Retrieves an author's Google Scholar items. For example:

author_id = '6005015'
scholar = sinta.author_scholar_docs(author_id)

print(scholar[:2])

# Output:
[
    {
        'title': 'Konsep pengolahan citra digital dan ekstraksi fitur',
        'url': 'https://scholar.google.com/scholar?oi=bibs&cluster=11975243569176755366&btnI=1&hl=en',
        'publisher': 'Yogyakarta:  Graha Ilmu; ISBN: 978-979-756-682-1 1 (2010), 280',
        'year': 2010,
        'citations': 0
    },
    {
        'title': 'Supervised Neural Networks dan Aplikasinya',
        'url': 'https://scholar.google.com/scholar?oi=bibs&cluster=4803627219094543302&btnI=1&hl=en',
        'publisher': 'Yogyakarta:  Graha Ilmu; ISBN: 978-979-756-123-9 1 (2006), 176',
        'year': 2006,
        'citations': 0
    }
]
  • author_scopus_docs()

Retrieves an author's Scopus items. For example:

author_id = '6005015'
scopus = sinta.author_scopus_docs(author_id)

print(scopus[:2])

# Output:
[
    {
        'title': 'Controlling chaos and voltage collapse using an ANFIS-based composite controller-static var compensa',
        'url': 'https://www.scopus.com/record/display.uri?eid=2-s2.0-84869223917&origin=resultslist',
        'publisher': 'International Journal of Electrical Power and Energy Systems',
        'date': '2013-03-01',
        'type': 'Journal',
        'quartile': 1,
        'citations': 51
    },
    {
        'title': 'Adaptive modified firefly algorithm for optimal coordination of overcurrent relays',
        'url': 'https://www.scopus.com/record/display.uri?eid=2-s2.0-85026658931&origin=resultslist',
        'publisher': 'IET Generation, Transmission and Distribution',
        'date': '2017-07-13',
        'type': 'Journal',
        'quartile': 1,
        'citations': 38
    }
]
  • author_wos_docs()

Retrieves an author's Web of Science items.
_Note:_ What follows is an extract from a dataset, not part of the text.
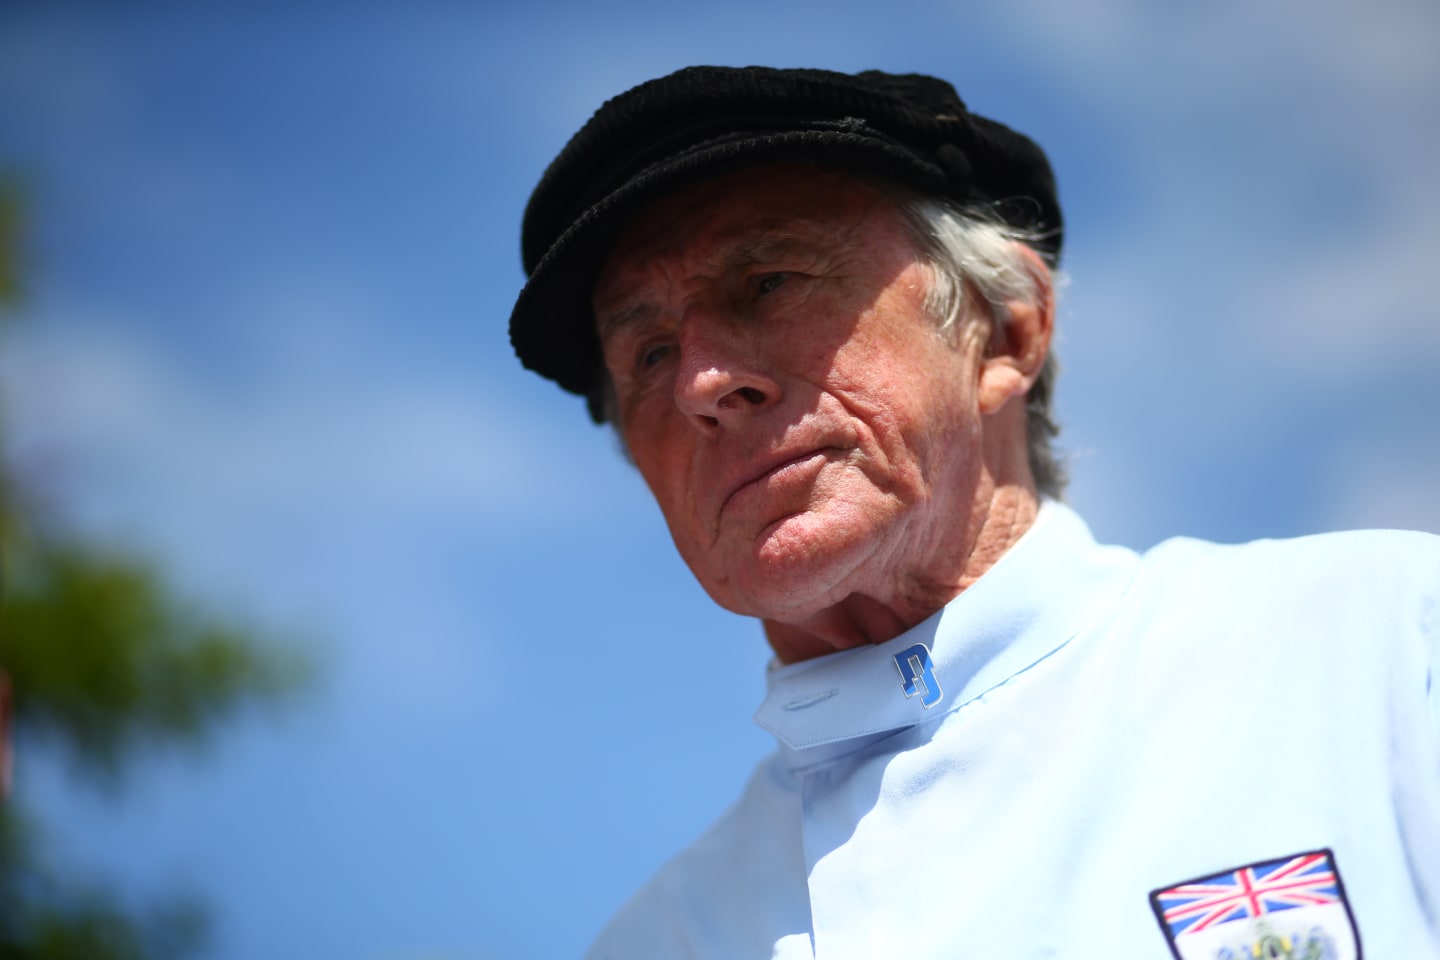 www.sutton-images.com Jackie Stewart (GBR) at Goodwood Festival of Speed, Goodwood, England, 30 June - 2 July 2017. © Sutton Images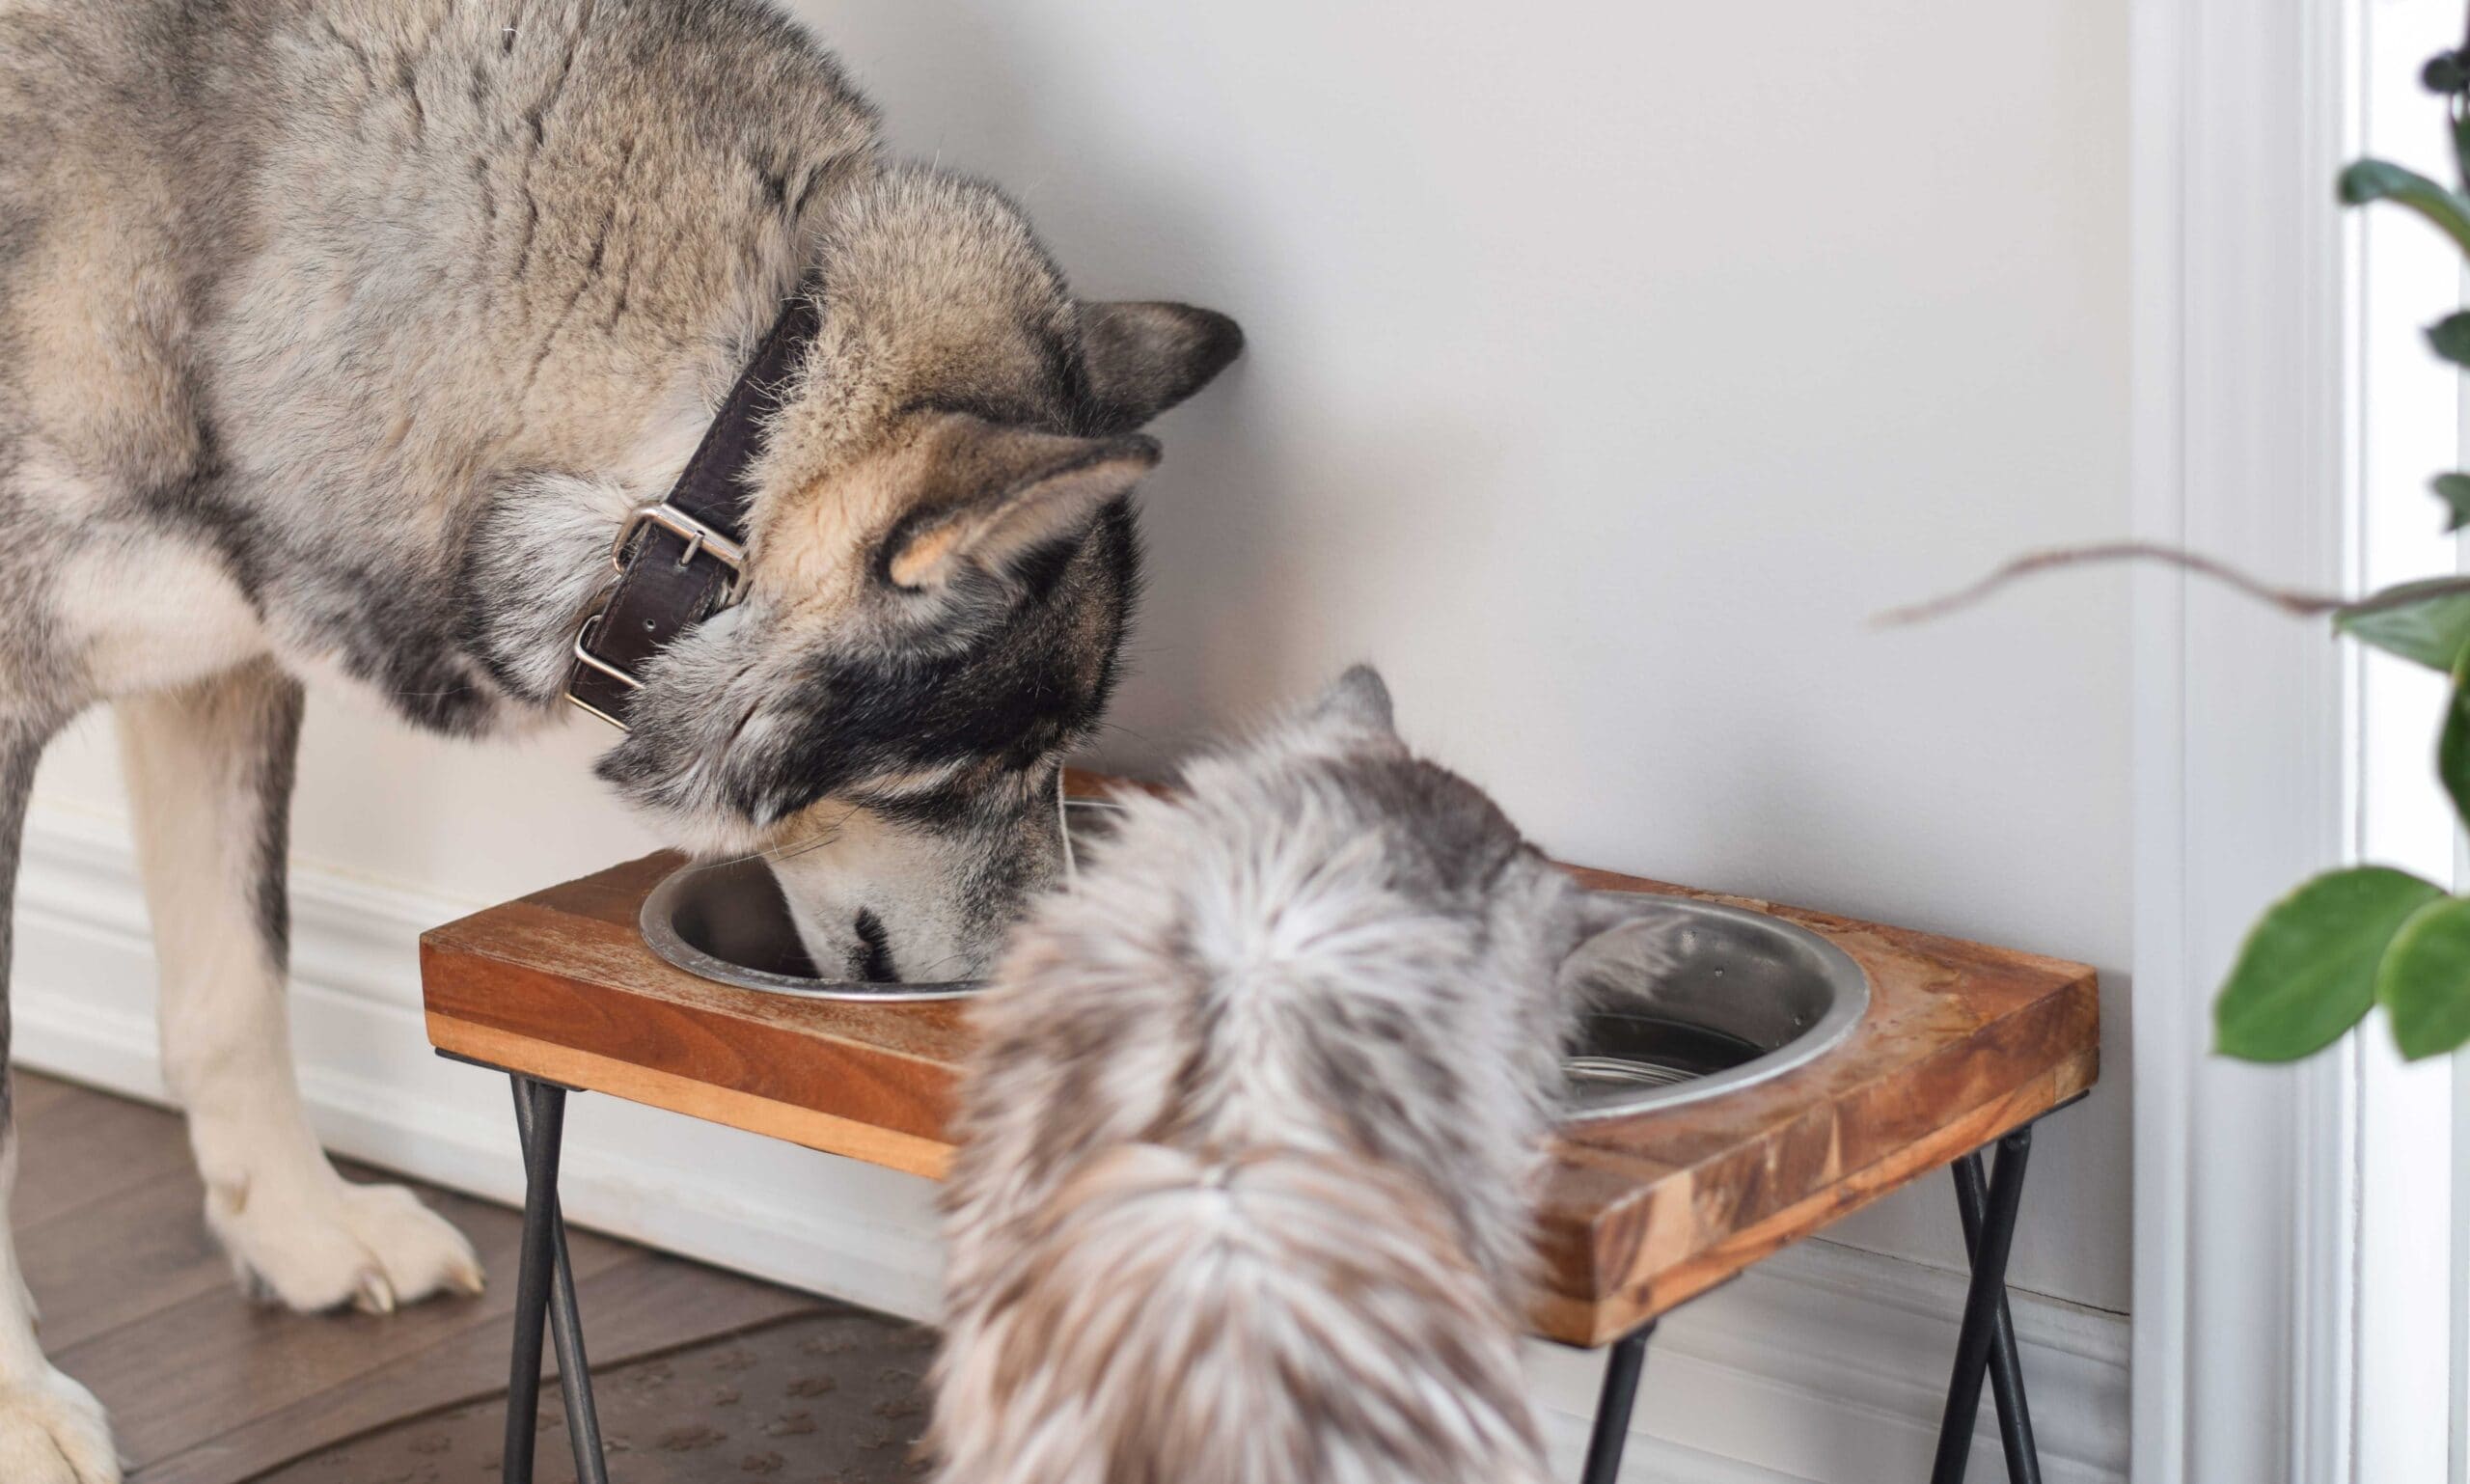 can cats eat dog food: dog and cat eating in home

For example:

author_id = '6005015'
wos = sinta.author_wos_docs(author_id)

print(wos[:2])

# Output:
[
    {
        'title': 'Adaptive B-spline neural network-based vector control for a grid side converter in wind turbine-DFIG systems',
        'publisher': 'IEEJ TRANSACTIONS ON ELECTRICAL AND ELECTRONIC ENGINEERING',
        'issn': '1931-4973',
        'doi': '-',
        'uid': 'WOS: 000362748500009'
    },
    {
        'title': 'ARIMA Modeling of Tropical Rain Attenuation on a Short 28-GHz Terrestrial Link',
        'publisher': 'IEEE ANTENNAS AND WIRELESS PROPAGATION LETTERS',
        'issn': '1536-1225',
        'doi': '10.1109/LAWP.2010.2046130',
        'uid': 'WOS: 000276520900002'
    }
]
  • author_comm_services()

Retrieves an author's community service items. For example:

author_id = '5996278'
comm_svc = sinta.author_comm_services(author_id)

print(comm_svc)

# Output:
[
    {
        'title': 'IbM Pembelajaran Elektronik Untuk SMK',
        'scheme': 'Pengabdian Kepada Masyarakat Kompetitif Nasional ( PKM )',
        'source': 'Simlitabmas',
        'members': [
            'Candra Dewi',
            'Adharul Muttaqin',
            'Achmad Basuki'
        ],
        'application_year': 2015,
        'event_year': 2016,
        'fund': 50000000,
        'field': '',
        'sponsor': 'Ristekdikti'
    }
]
  • author_ipr()

Retrieves an author's intellectual property right (IPR) items. For example:

author_id = '5996278'
ipr = sinta.author_ipr(author_id)

print(ipr)

# Output:
[
    {
        'id': 'EC00202016549',
        'title': 'Panduan Pembelajaran Daring Saat Kondisi Darurat COVID-19',
        'category': 'paten',
        'year': '2020',
        'holder': 'Universitas Brawijaya'
    }
]

Other Output Formats

Other formats can be used by specifying the output_format argument:

author = sinta.author(id, output_format='json')

Avalable output formats:

  • 'dictionary' (default)
  • 'json'
  • 'xml'

JSON output can be pretty-printed by setting pretty_print=True:

author = sinta.author(id, output_format='json', pretty_print=True)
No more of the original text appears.